The anonymous subroutine passed by reference to find does bind a lexical variable ($total_size). By most definitions (e.g wikipedia's), that subroutine is then a closure. The variable doesn't have to have gone out of lexical scope. The important part is that the subroutine deeply binds the variable, and the variable may go out of scope.

lodin

PS. The code should read sub { instead of { sub, but that's not important for the question at hand.

Thanks lodin...I missed that other typo! I have addressed it in my previous posting. But as far as whether it was a closure or not, according to Intermediate Perl, the lexical variable needs to have gone out of scope for the subroutine to be a closure....that's what I was going off of.

memnoch

Gloria in Excelsis Deo!

And what else is he missing?

use File::Find;

my $total_size = 0;
find({sub $total_size += -s if -f}, '.');
print $total_size, "\n";
[download]

You were missing the "use" statement and a "(" in the find function.

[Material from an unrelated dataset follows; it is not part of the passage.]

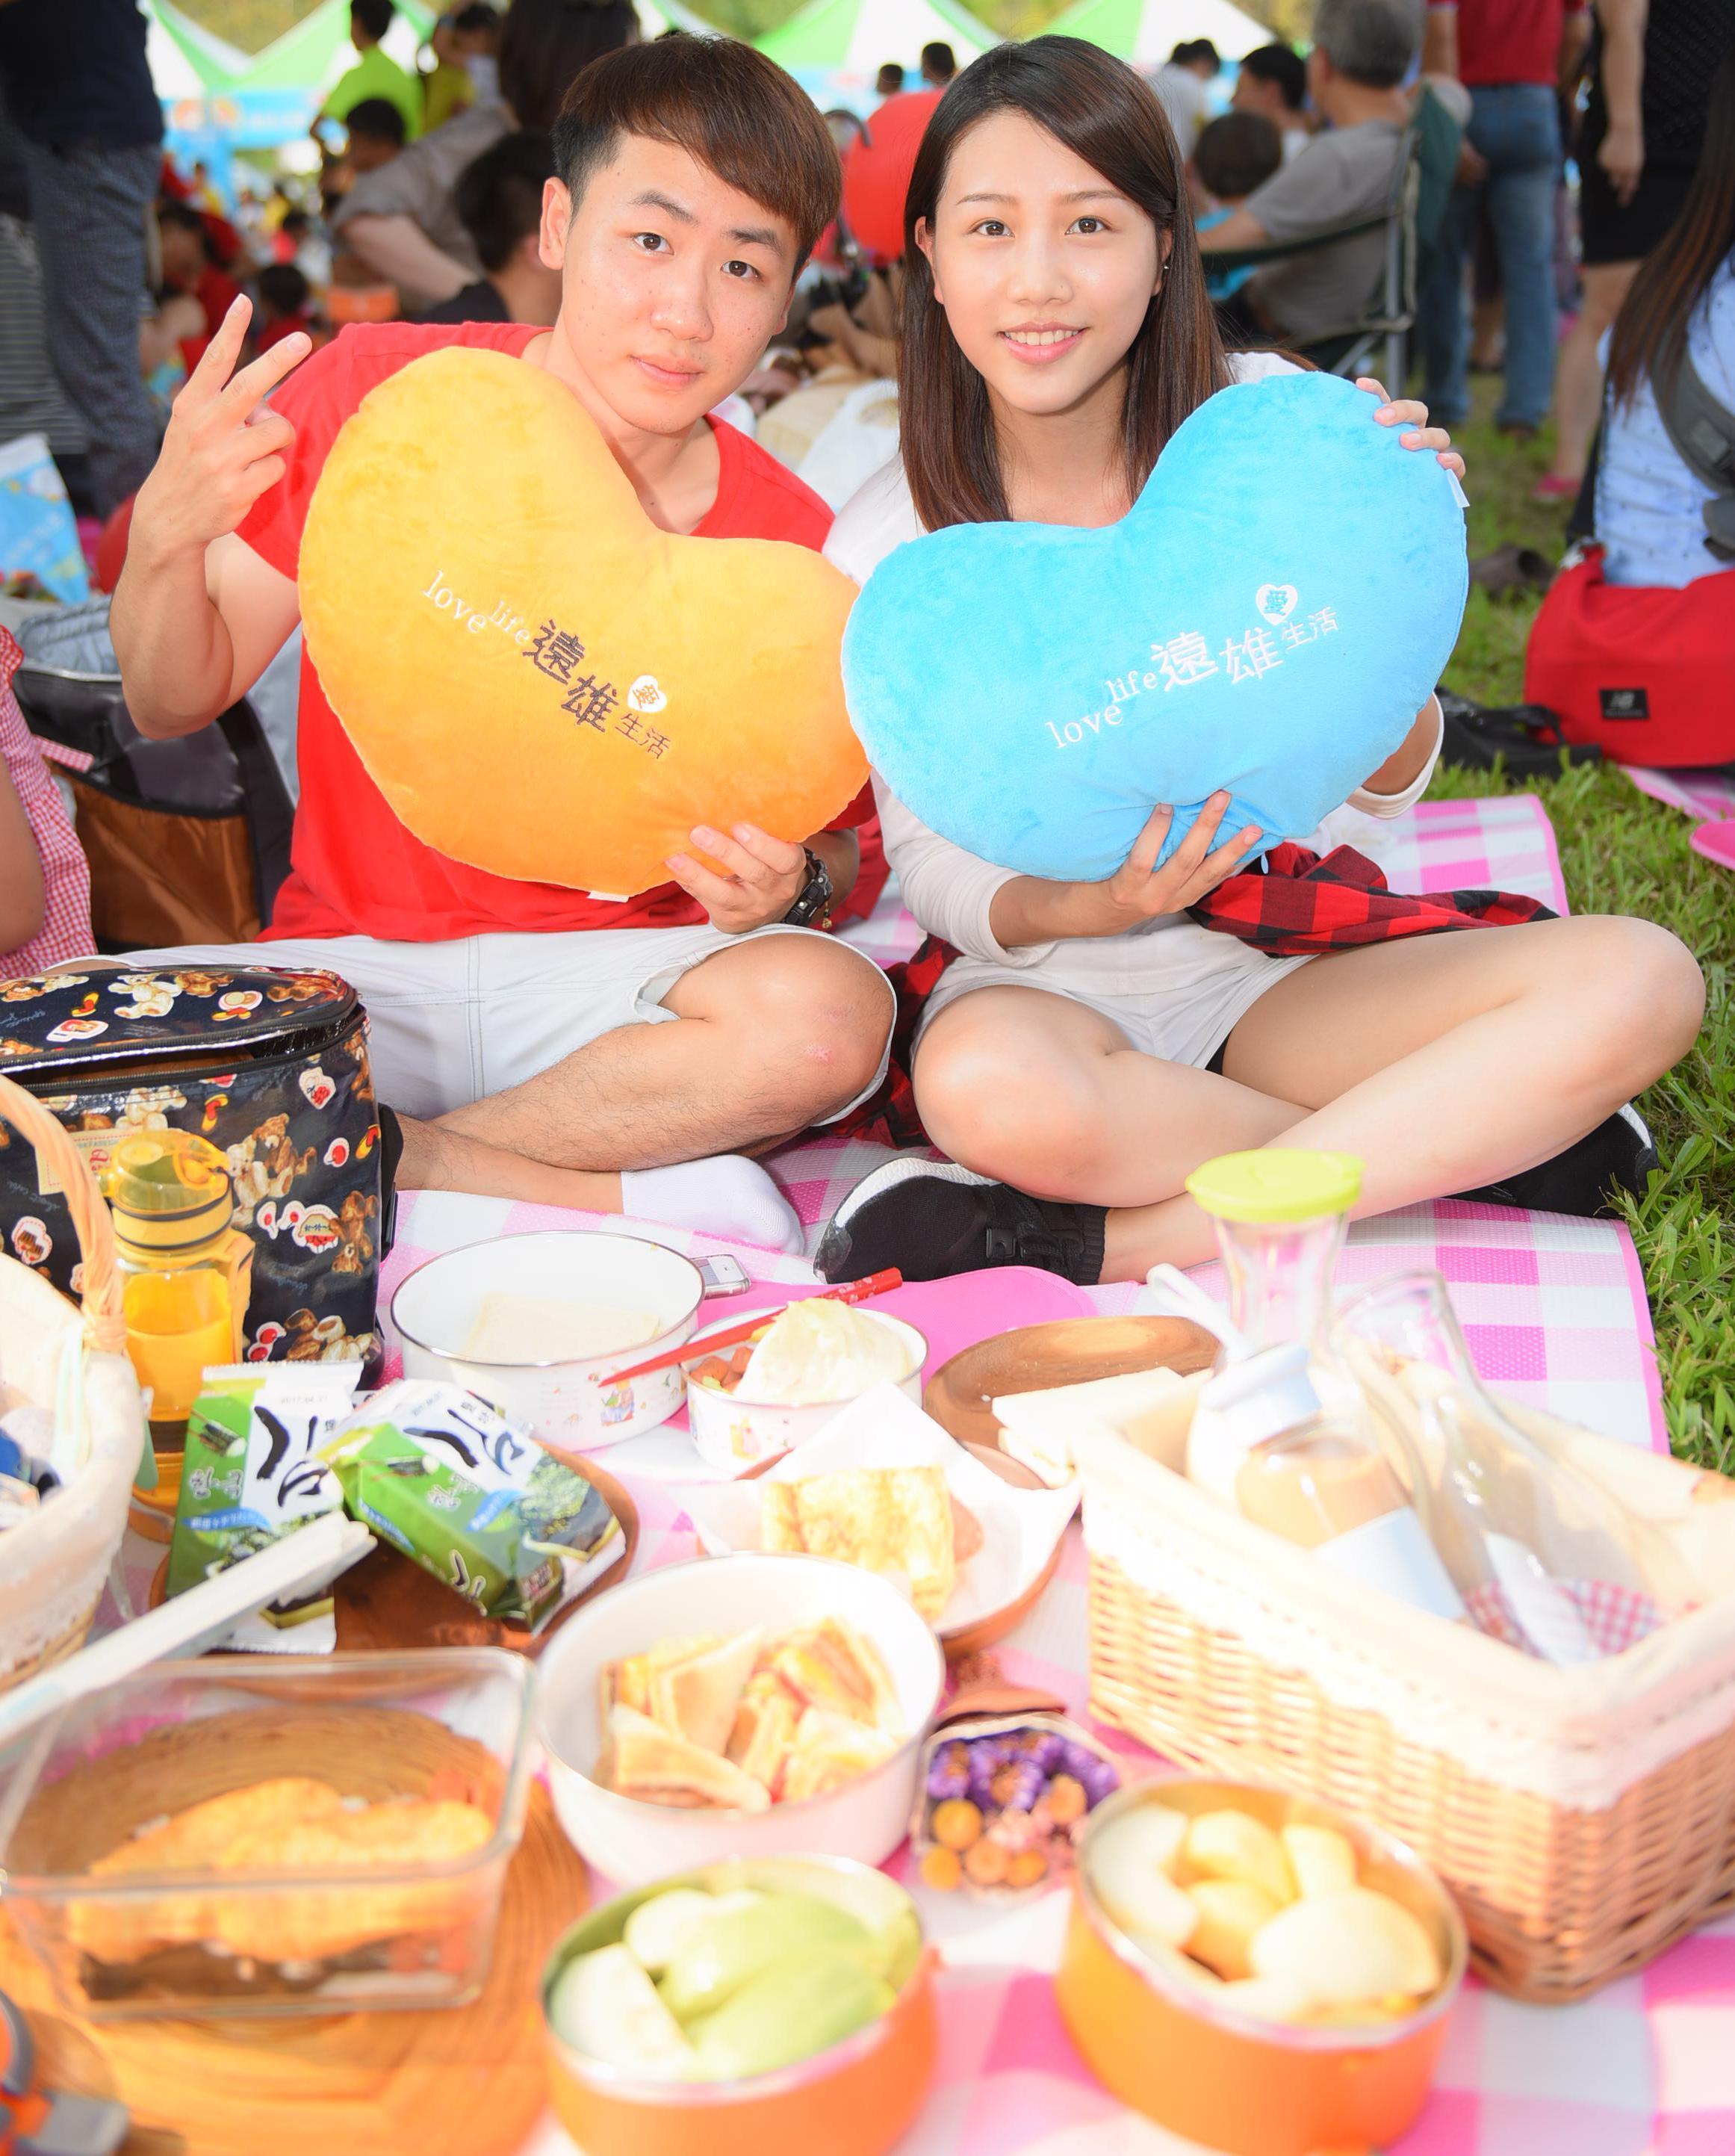 「你野趣‧我也去」遠雄人壽家族野餐日

Thanks fenLisesi....I missed that other typo...I have fixed it in my original posting as well.

memnoch

Gloria in Excelsis Deo!

this is a definite closure

my $total_size =0;
find{ sub $total_size += -s if -f}, '.');
print $total_size, "\n";
[download]

props,

Studying the examples in a good book is a great way to learn, but you need to run the examples and play with them a little. I don't have that book, but it is unlikely that the code you posted would come from there. Why don't you go ahead now and run that code first and tell us how you think it works (or doesn't)? Then monks will be able discuss it with you. Cheers.

I really dislike downvoting (which I just did) on nodes expressing opinion; the more so, in this case, because all but fenLisesi's second sentence have merit (IMO). My error!

Update: The above was well intentioned, but bleary-eyed /me carelessly missed the typo in prop's OP, in which

find{ sub $total_size += -s if -f}, '.');
    should be
find (sub { $total_size += -s if -f}, '.');.

mea culpa and apologies.

But sentence 2 amount to a direct and gratuitous negative implication about props' integrity (or, I suppose, ability to copy code from a book)... and it is wrong.

The intial code fragment comes from p71 of Intermediate Perl, 2nd edition. It is verbatim, save for the book's inclusion of a use File::Find above. And it's available, on line, for your ease of checking these assertions, at http://safari.oreilly.com/ (more precisely, and as a link, 7.4 . Closures)

This is an example from "Intermediate Perl" aims to demonstrate the presence of a closure

It is a closure, you want to pass in a bit of code into a function(perldoc -q closure)